On Mon, Jun 13, 2011 at 6:03 AM, James A. Donald <jam...@echeque.com> wrote:
> On 2011-06-13 3:12 PM, Randall Webmail wrote:
>> That's right: POOR PEOPLE caused the Current
>> Unpleasantness!
> Yes they did.  I was at ground zero of the crisis: Sunnyvale
> California.
> And every person I saw buying a seven hundred thousand dollar
> house was a cat eating no hablo english wetback with no
> regular job.

I agree with much else of what you wrote in your post, but I take
issue with two things here.  First, there were plenty of middle class
(and better off) people who used their ever-increasing home values as
an ATM card.  The stories I've seen are hair-raising.  Second, we
don't need to use derogatory terms here.  There's a difference between
being polite and being PC, such as that PC involves choice of ideas,
not just choice of words.

I particularly agree that CRA and Frannie primarily set in motion the
market dynamic that led to either the bubble itself or its ultimate
size, or both.  There's straightforward evidence: total up the amount
in securities sold by Frannie and the amount they were left holding
and the amount pumped in by the feds, and you're up to on the order of
$1 trillion, which is a large portion of the losses in the bubble's
popping.  Of course, the losses have been larger than $1 trillion
(because the $1 trillion provided the necessary momentum to get the
bubble inflating and stay inflating, but much more liquidity flowed
from elsewhere so as to not miss out on the "opportunity"), so one has
to consider whether Frannie was along for the ride in a bubble that
wasn't their fault, or whether Frannie caused the bubble.  But any
time you have a government taking such enormously distorting actions
it's difficult to argue that they couldn't have been the cause of the
crash -- one has to be suspicious of artificial market distortions.

> [...]
> The CRA drives the climate of opinion in the entire mortgage
> industry. If you wanted to be able to buy other banks, you
> had to play ball.
> Practically everybody did. Out of the thousands of banks with
> federal CRA Performance Evaluations, 496 got the highest
> rating of Outstanding, while only five dared to be in
> “Substantial Noncompliance”.

Exactly.  Conformity was enforced, and it wasn't all that hard.
"Look, you have to make bad loans.  Yes, we know that's insane, but
here's the deal: you package them up and sell them immediately, and if
you can't find a buyer in the market, well, that's what Frannie's here
for, they are the buyer of last resort.  So go on, make bad loans
without fear!"  The rest follows.  Though the bargain was never that
explicit.  Liar loans?  Pfeh.  Of course you'll have liar loans in
such an environment, but it hardly gets the government off the hook
that their actions had the consequences that people did predict (well,
I seem to remember arguments in 1992 and 1999 about the wisdom of
these policies -- it's almost certain that there were cassandras).

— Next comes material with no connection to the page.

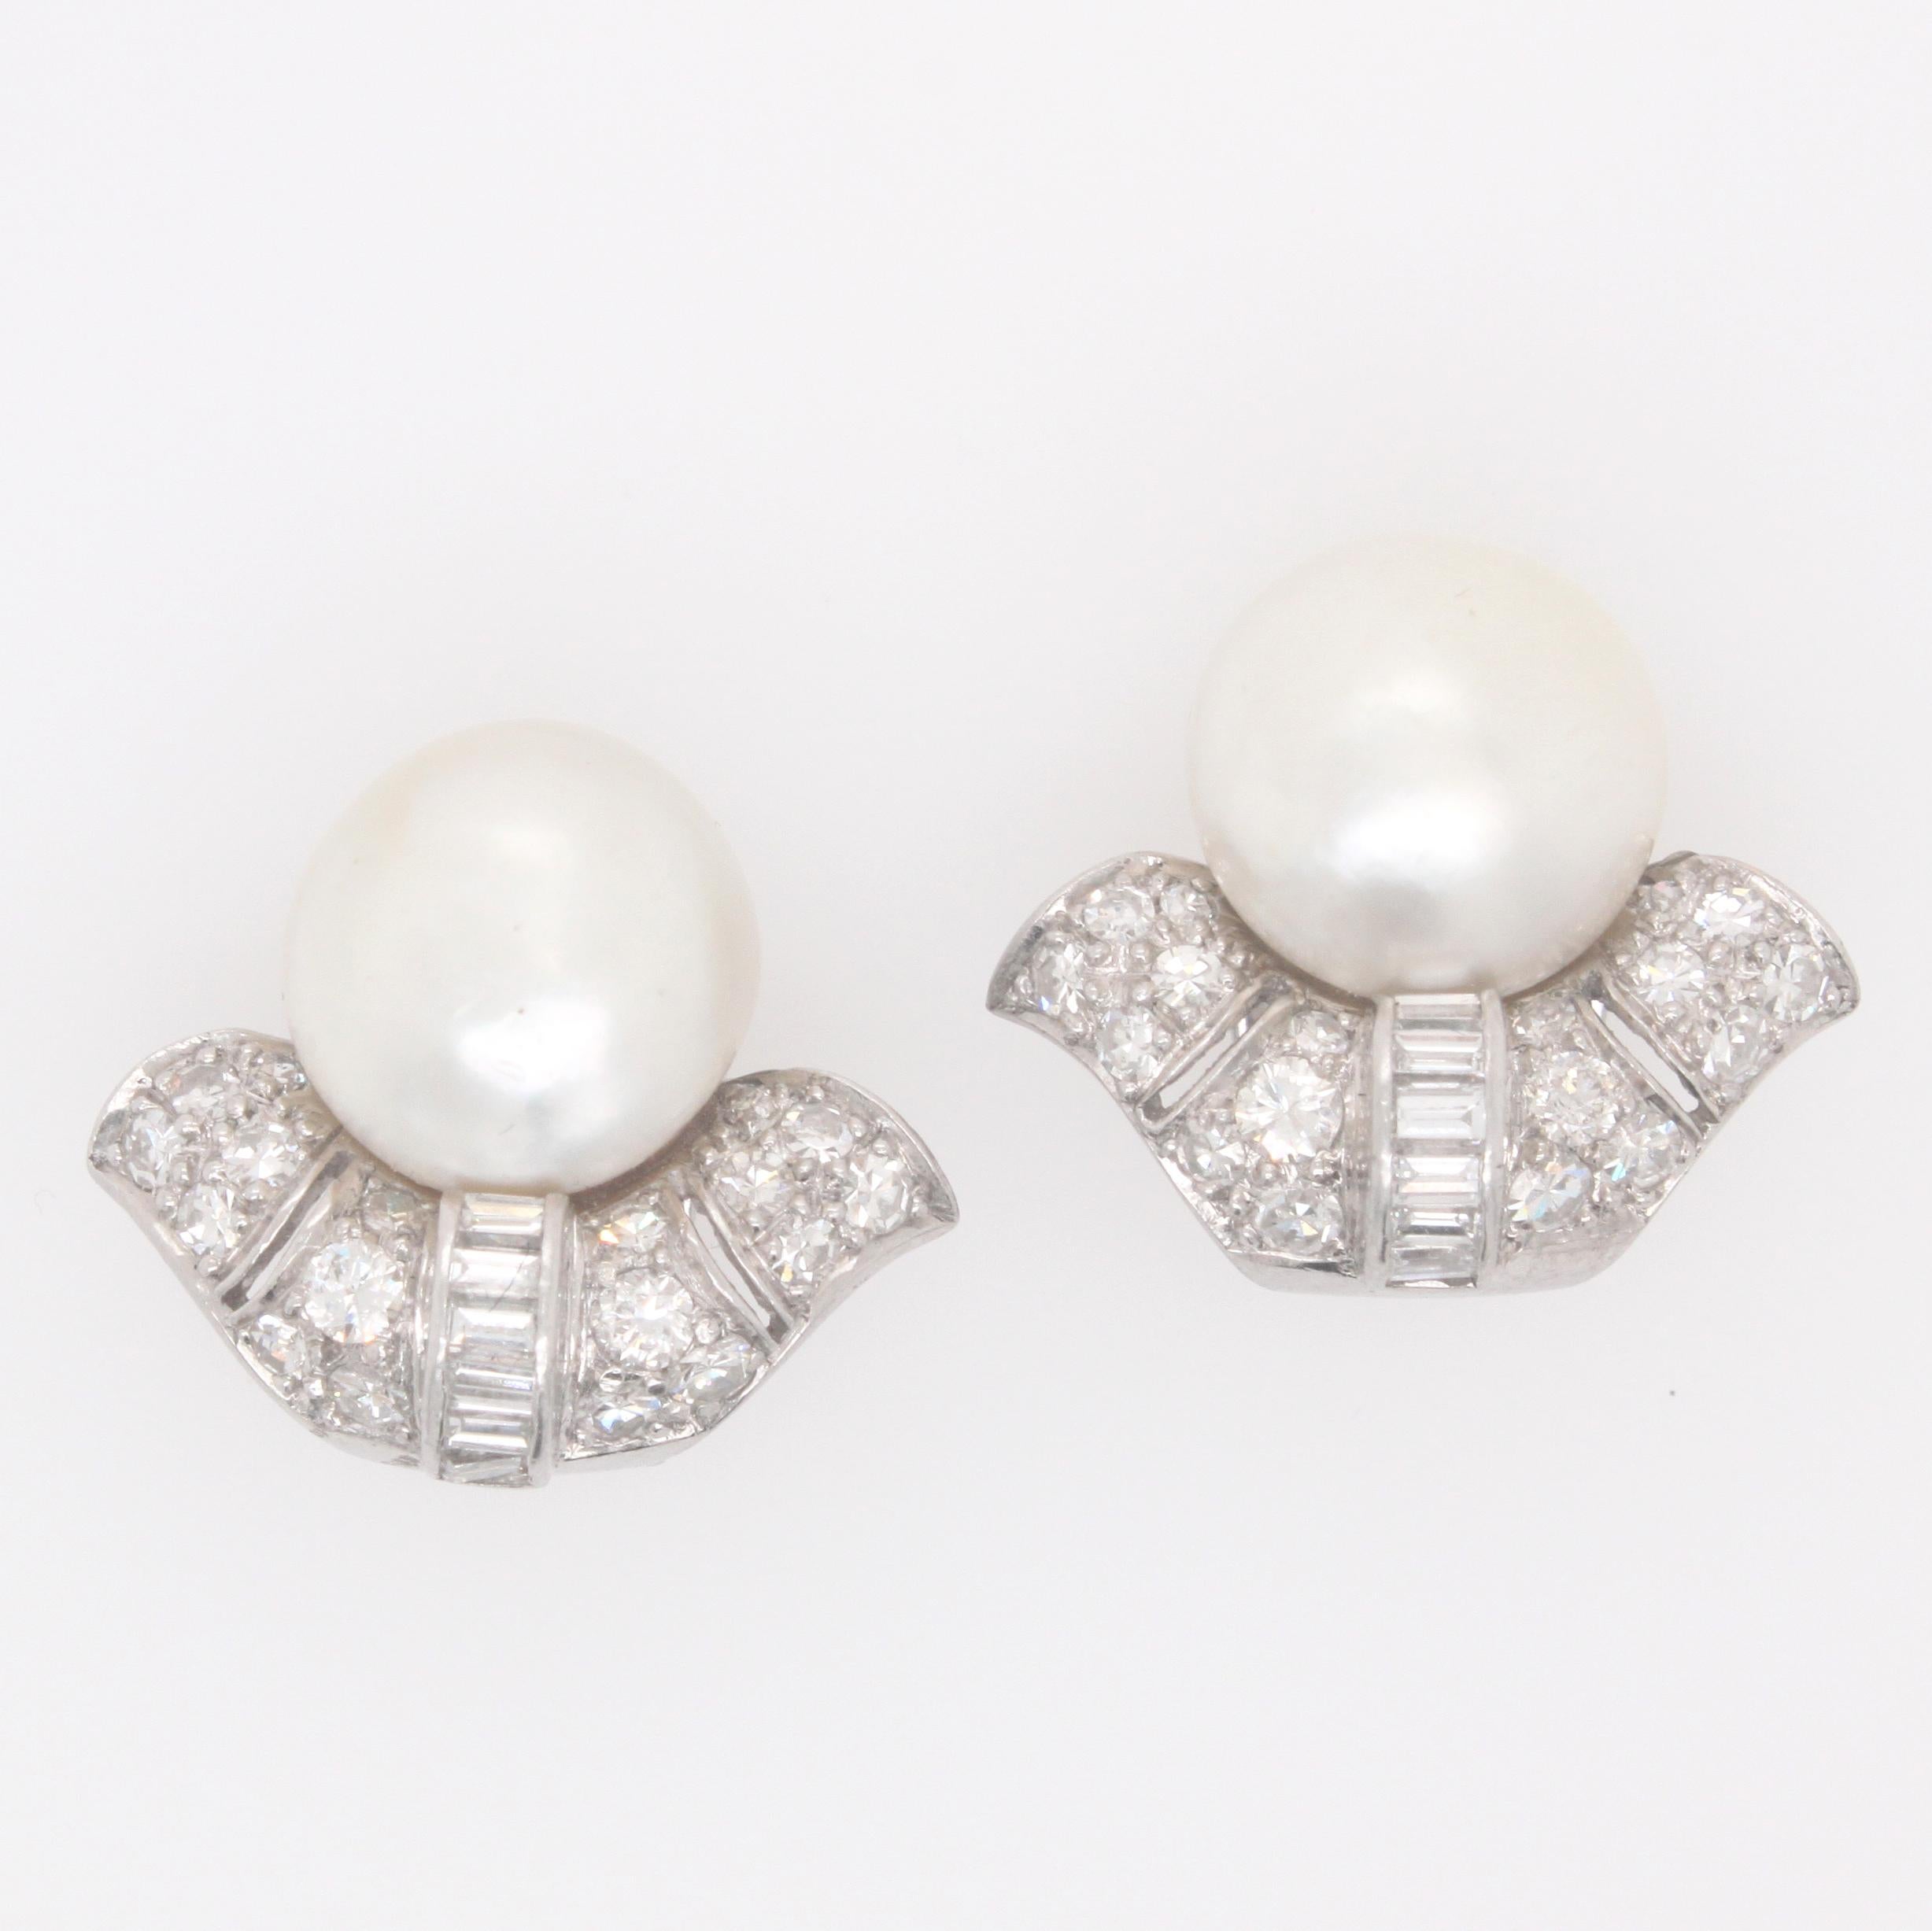 1920s earrings

> Over time, the madness infects the entire culture of finance,
> as the government labels the prudent bankers automatic losers
> in the great game of acquisitions.

It wasn't just acquisitions.  If you needed capital for anything and
your returns were low relative to the rest of the game-playing
industry, then you lost out.  In order to stay competitive when
looking for capital you had to stay competitive in terms of returns,
which could only happen (while the bubble was inflating) if you
participated in the bubble.  This shows that the market distortion
needed to get and keep the bubble going didn't have to be all that
large because there was a leveraging effect in the industry.